Lost in the Loader - The Many Faces of the Windows PE File Format.

A known problem in the security industry is that programs that deal with executable file formats, such as OS loaders, reverse-engineering tools, and antivirus software, often have little discrepancies in the way they interpret an input file. These differences can be abused by attackers to evade detection or complicate reverse engineering, and are often found by researchers through a manual, trial-and-error process. In this paper, we present the first systematic analysis and exploration of PE parsers.

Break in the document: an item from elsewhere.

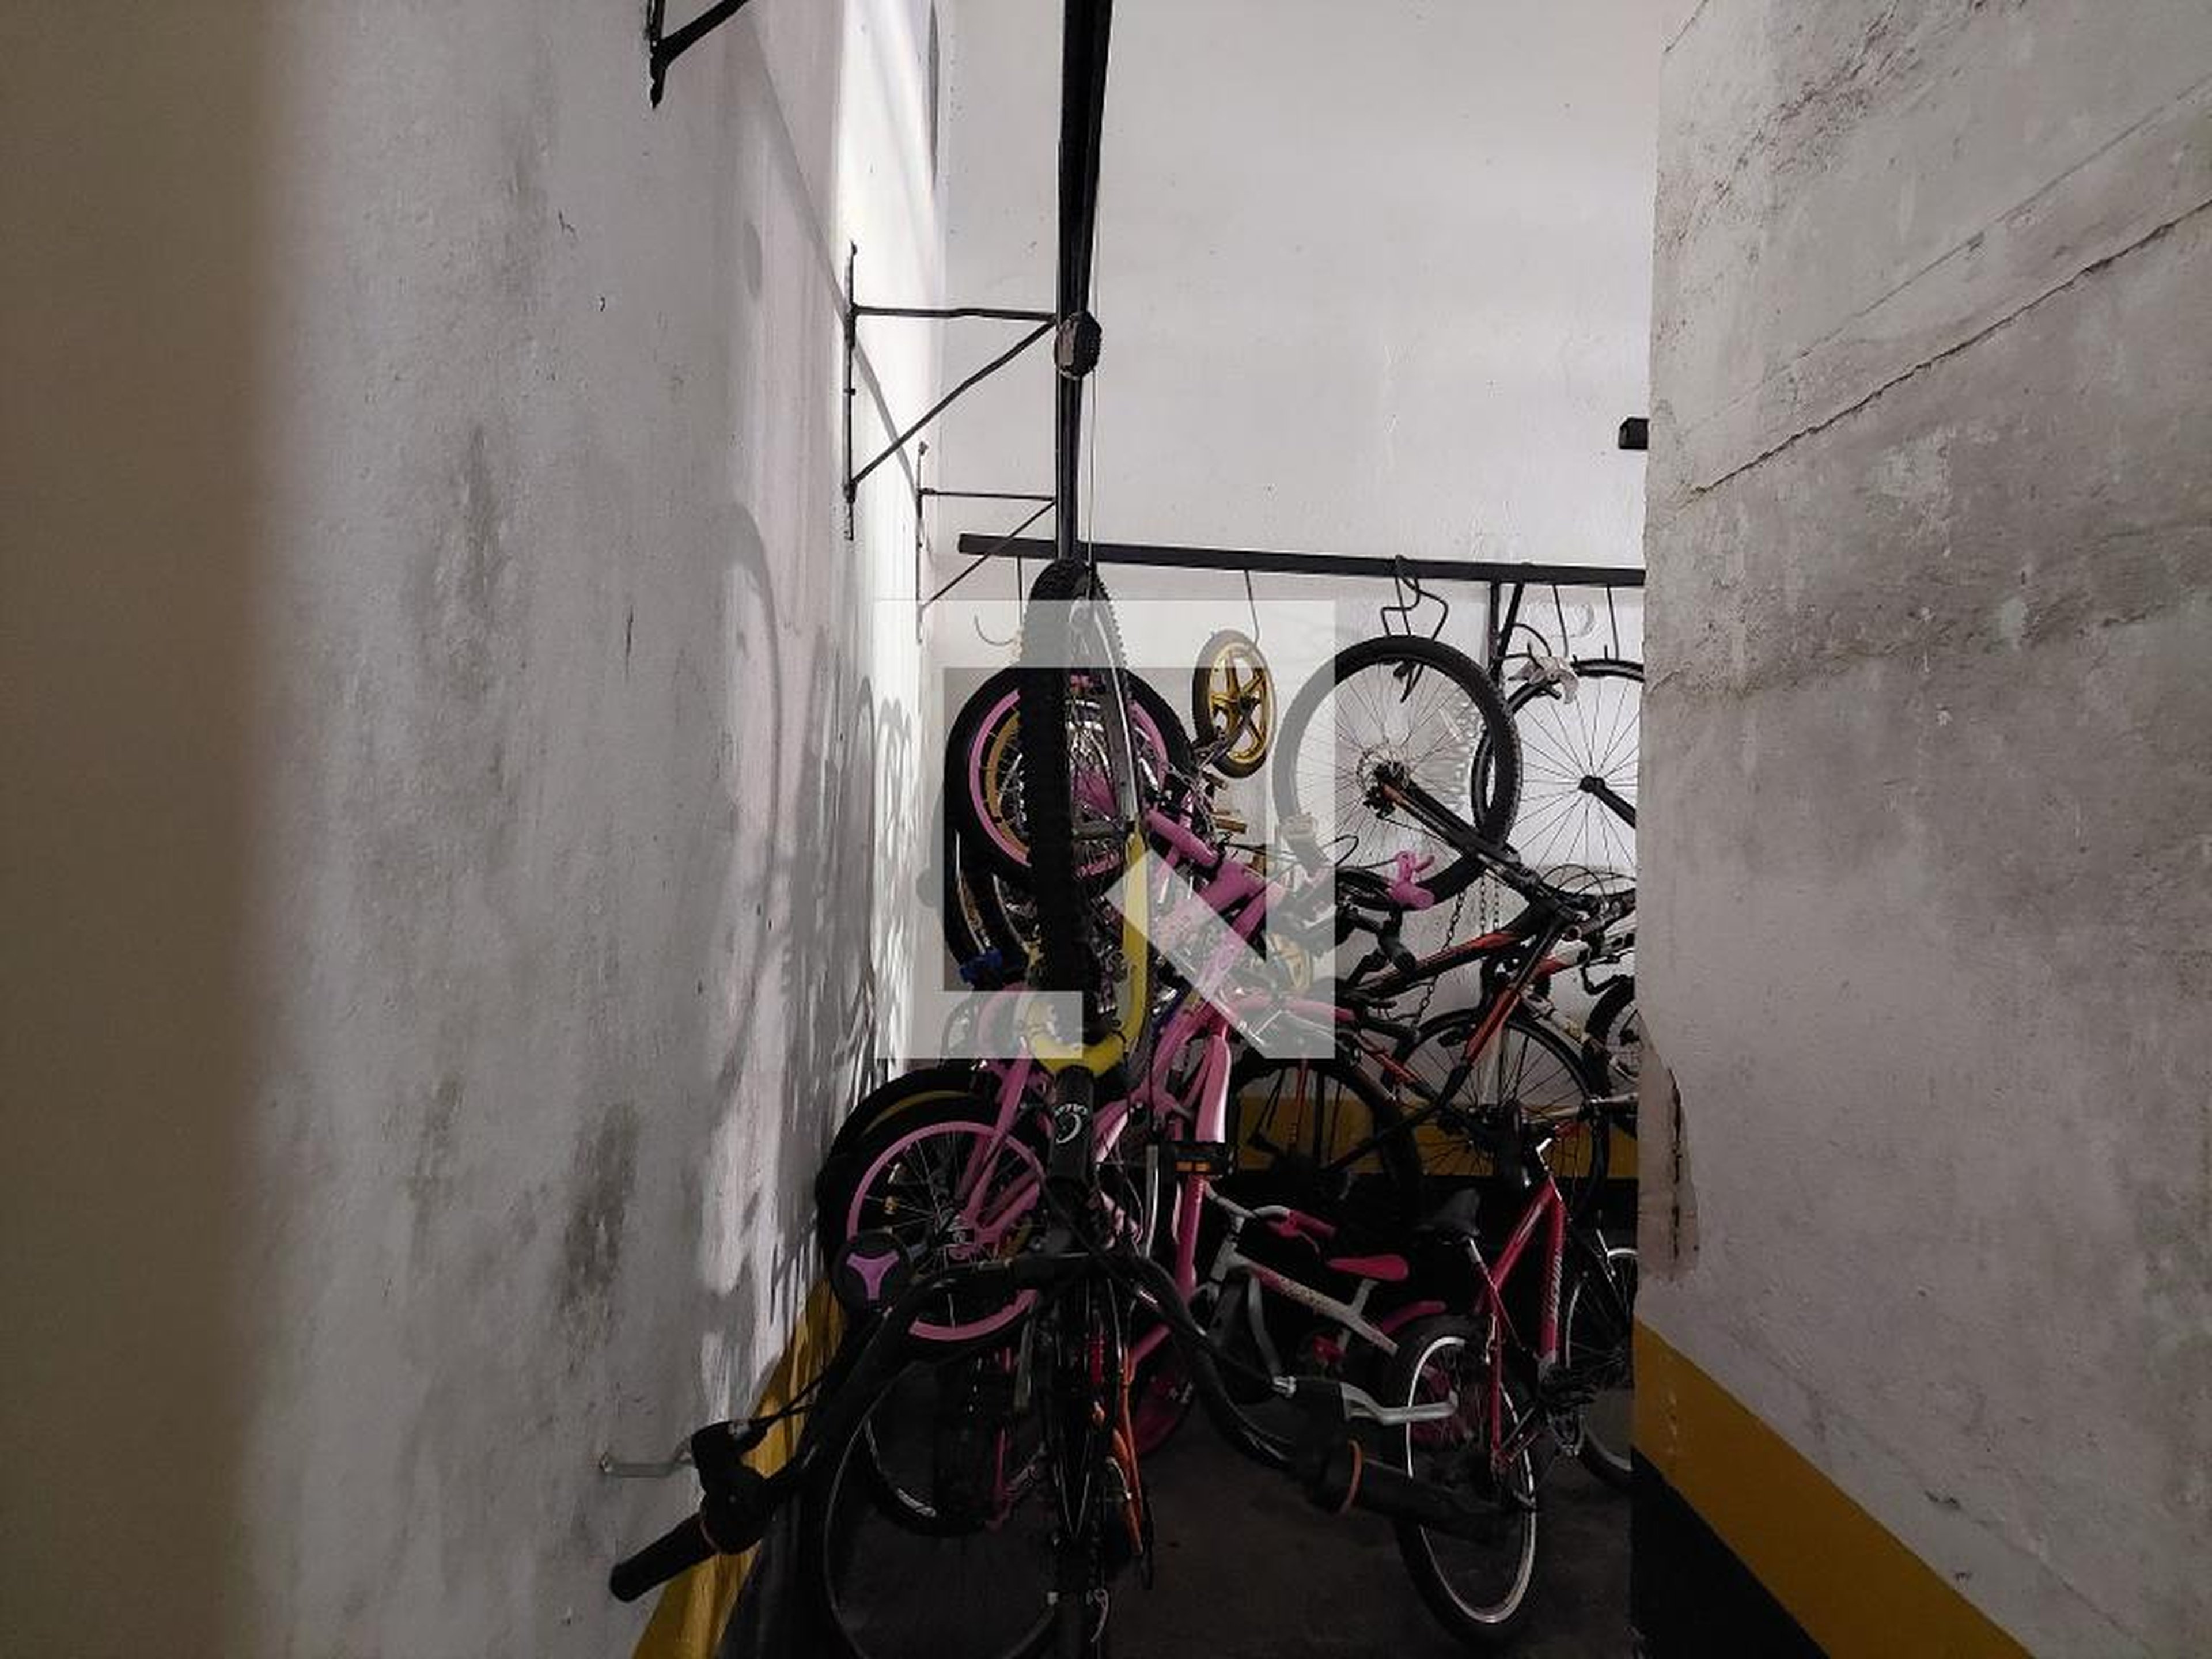 Bicicletario - Edifício Ana Luíza

To this end, we developed a framework to easily capture the details on how different software parses, checks, and validates whether a file is compliant with a set of specifications. We then used this framework to create models for the loaders of three versions of Windows (XP, 7, and 10) and for several reverse-engineering and antivirus tools. Finally, we used this framework to automatically compare different models, generate new samples from a model, or validate an executable according to a chosen model. Our system also supports more complex tasks, such as “generating samples that would load on Windows 10 but not on Windows 7.” The results of our analysis have consequences on several aspects of system security. We show that popular analysis tools can be completely bypassed, that the information extracted by these analysis tools can be easily manipulated, and that it is trivial for malware authors to fingerprint and “target” only specific versions of an operating system in ways that are not obvious to someone analyzing the executable. But, more importantly, we show that there is not one correct way to parse PE files, and therefore that it is not sufficient for security tools to fix the many inconsistencies we found in our experiments. Instead, to tackle the problem at its roots, tools should allow the analyst to select which of the several loader models they should emulate.